La Scapigliata in Carnelian, with close-up of mouth. (Roy Feinson)

Unlike traditional mosaics which rely on differently colored material arranged in arbitrary configurations to make an image, impressionist mosaics are created using the natural flaws and marbling in the tiles to create the impression of an image. Depending on the definition, this may be limited to arranging square, homogeneously colored tiles in a grid-like, non-overlapped fashion.

Using stones that are of relatively uniform color and texture (typically pre-cut natural gemstones such as jasper, marble, or amethyst), the resulting mosaics have a uniquely ethereal quality that distinguishes them from traditional processes. Since the technique uses uniformly cut stones, it does not require grouting.

==Process==
By Roy Feinson's definition, impressionist mosaics are created by taking dozens of measurements of every tile in the artist's "palette". The measurements are obtained by digitally photographing each tile and separating it into a grid of sixteen equal sections and analyzing each section for color, contrast and marbling. The resultant data are stored in a database and operated on by proprietary software, which recommends placements for all the tiles. Since the tiles are generally square, the software considers all four possible rotations for each tile, which greatly increases the odds that a given tile will find a good 'home'. Each tile is equivalent to sixteen pixels in the final mosaic since its final location is a function of sixteen sections. While the software is an important component of this process, the artist must still rely on traditional hand-eye techniques to complete the image.
Care must be taken to balance the color curves in the target image to that of the component tiles. For example, if the darkest color to be found on any of the component tiles is only a mid-tone gray, then any blacks in the target image's must be converted to mid-tone gray. This process would be repeated for the reds, greens, blues, and whites.

==Differences from traditional mosaics==
Traditional mosaics have a history dating back to at least the fourth century BC, and employ a variety of methodologies to create their images. However, traditional mosaics share the common feature of employing small, uniformly colored materials (tesserae) to create a pattern or picture. Because the tiles can be cut into irregular shapes to conform to the base pattern, mosaicists are able to create works of astonishing detail and color.

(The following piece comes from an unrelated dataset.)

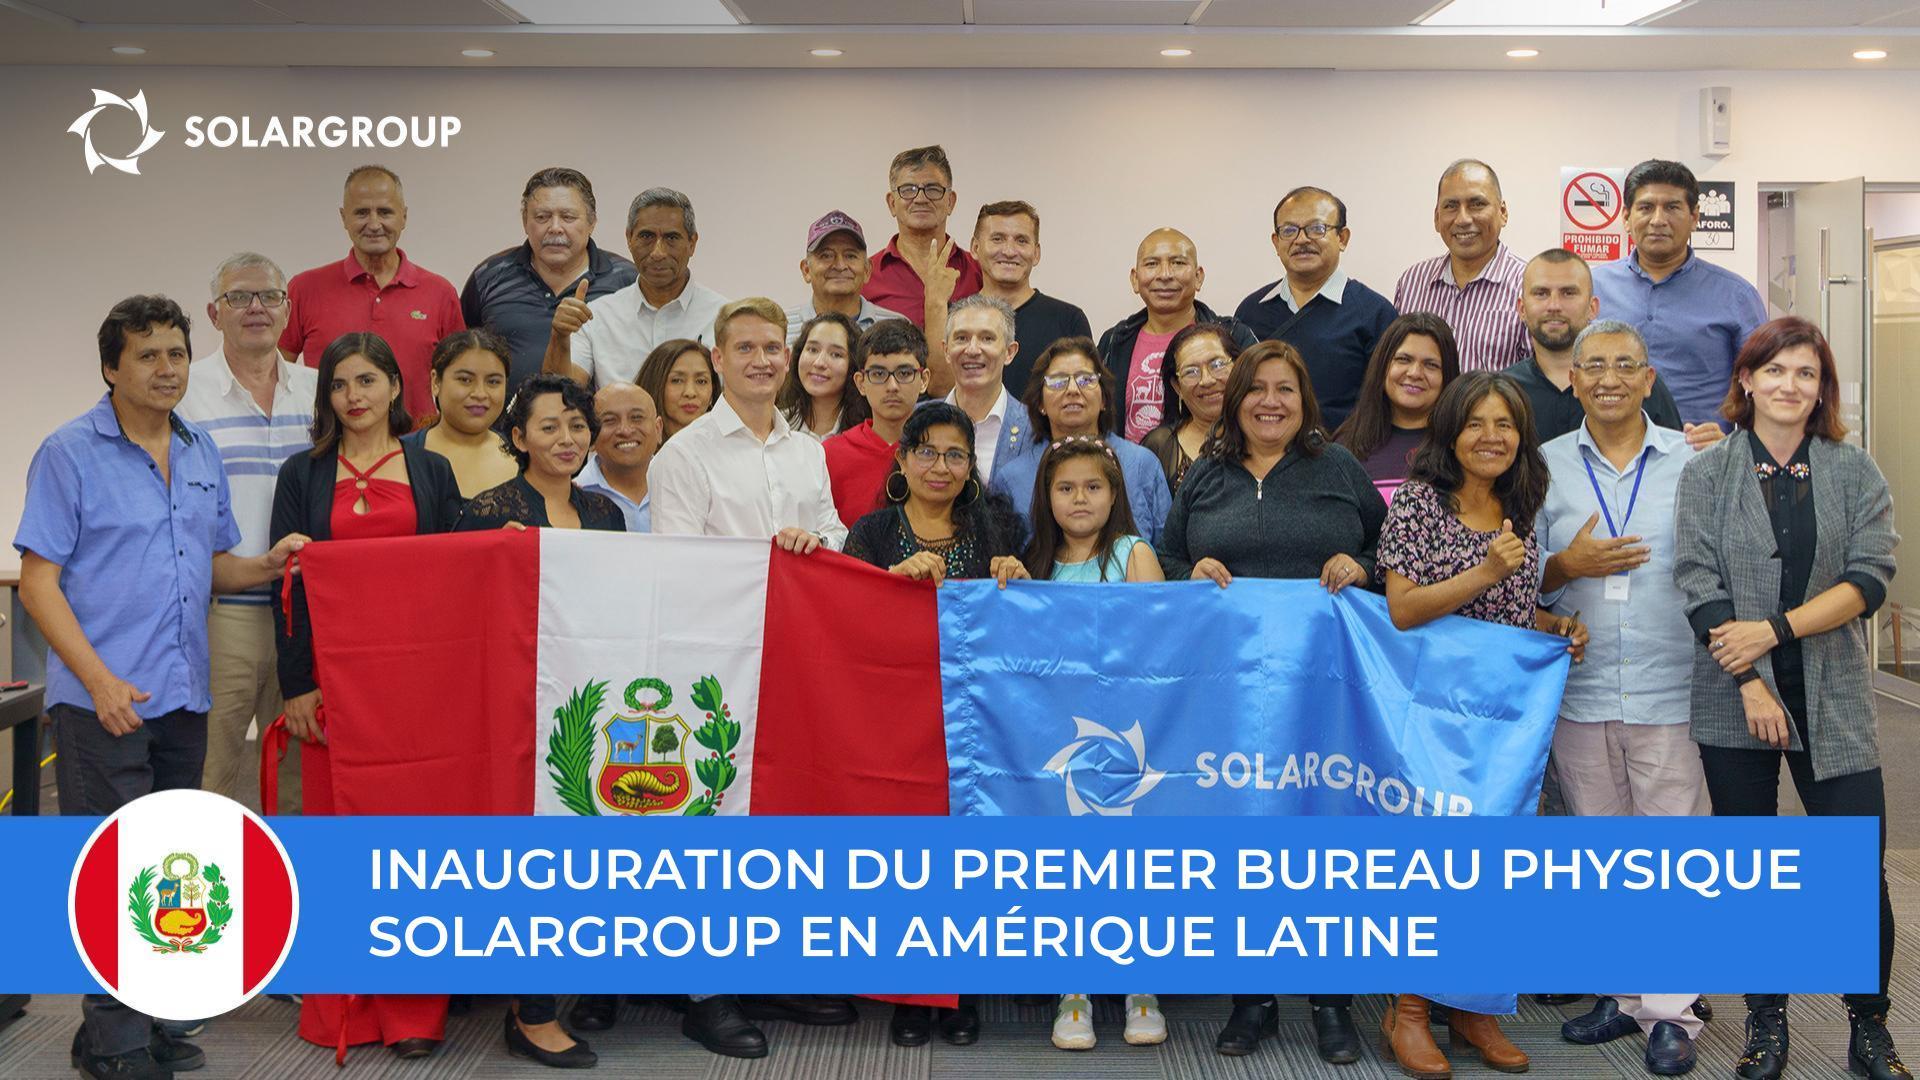 Nouvelle étape pour le développement du projet en Amérique latine : SOLARGROUP a inauguré son bureau physique au Pérou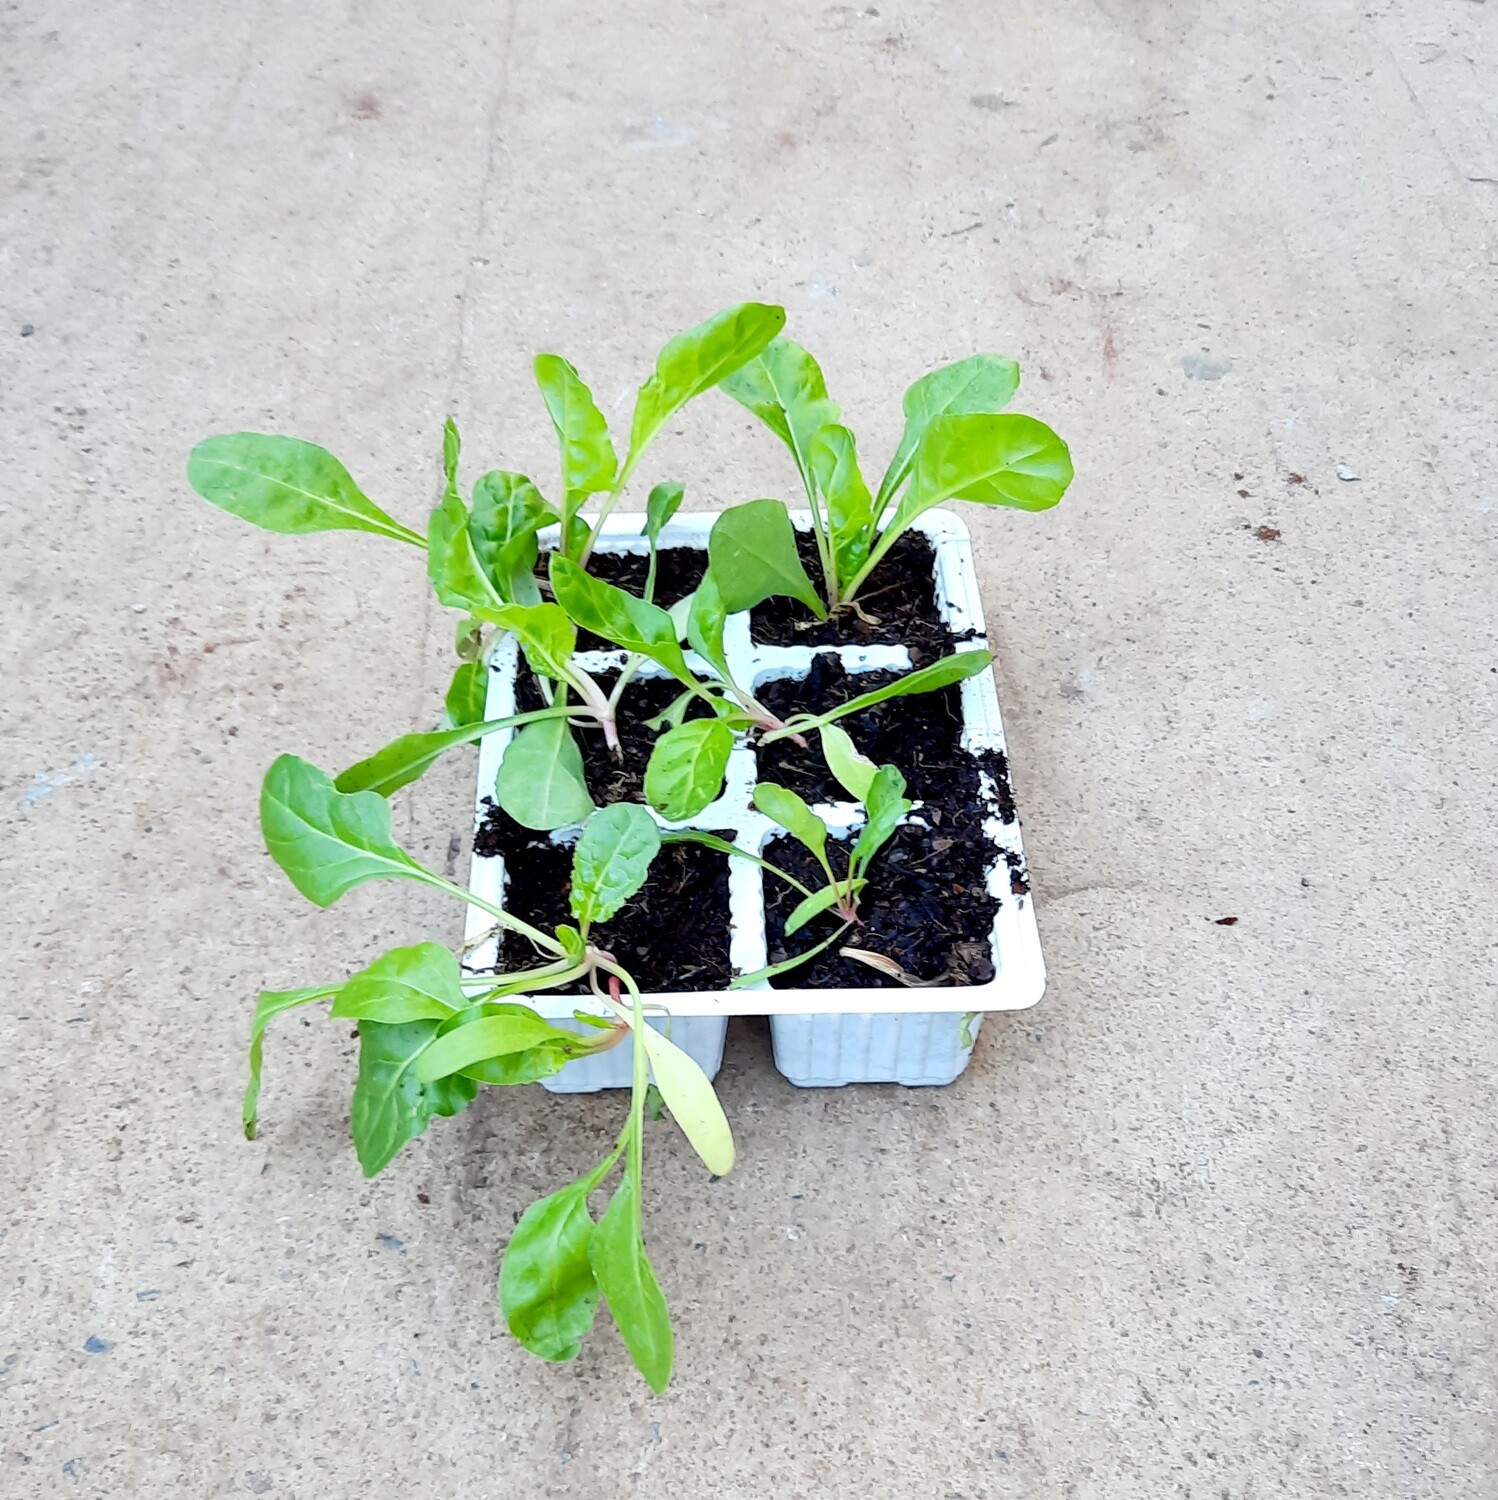 Spinach Ford Hook Giant 6 Pack Veg Seedlings

Alternatively, pixel tile mosaics, such as those found on the floor of the University of Toronto pool, employ standard sized tiles (generally 1 x 1 or 2 by 2 inch) in a variety of colors arranged in a uniform matrix. Each tile is a different color and represents a single 'pixel' in the final image. The resulting mosaic is typically coarse and of very low resolution.

==History==
Pioneering work in this field was conducted in the 1990s by California mosaic artist Roy Feinson, who because of its underlying similarities to 19th century impressionism coined the term Impressionist Mosaics.

In 2006, mosaic artists Nick Berg and Alan Roth made custom mosaics using this technique commercially available in marble and wood. Because of the increased image resolution inherent in the impressionist mosaic process, they coined the terms High Definition Mosaics and Photo-realistic Mosaics.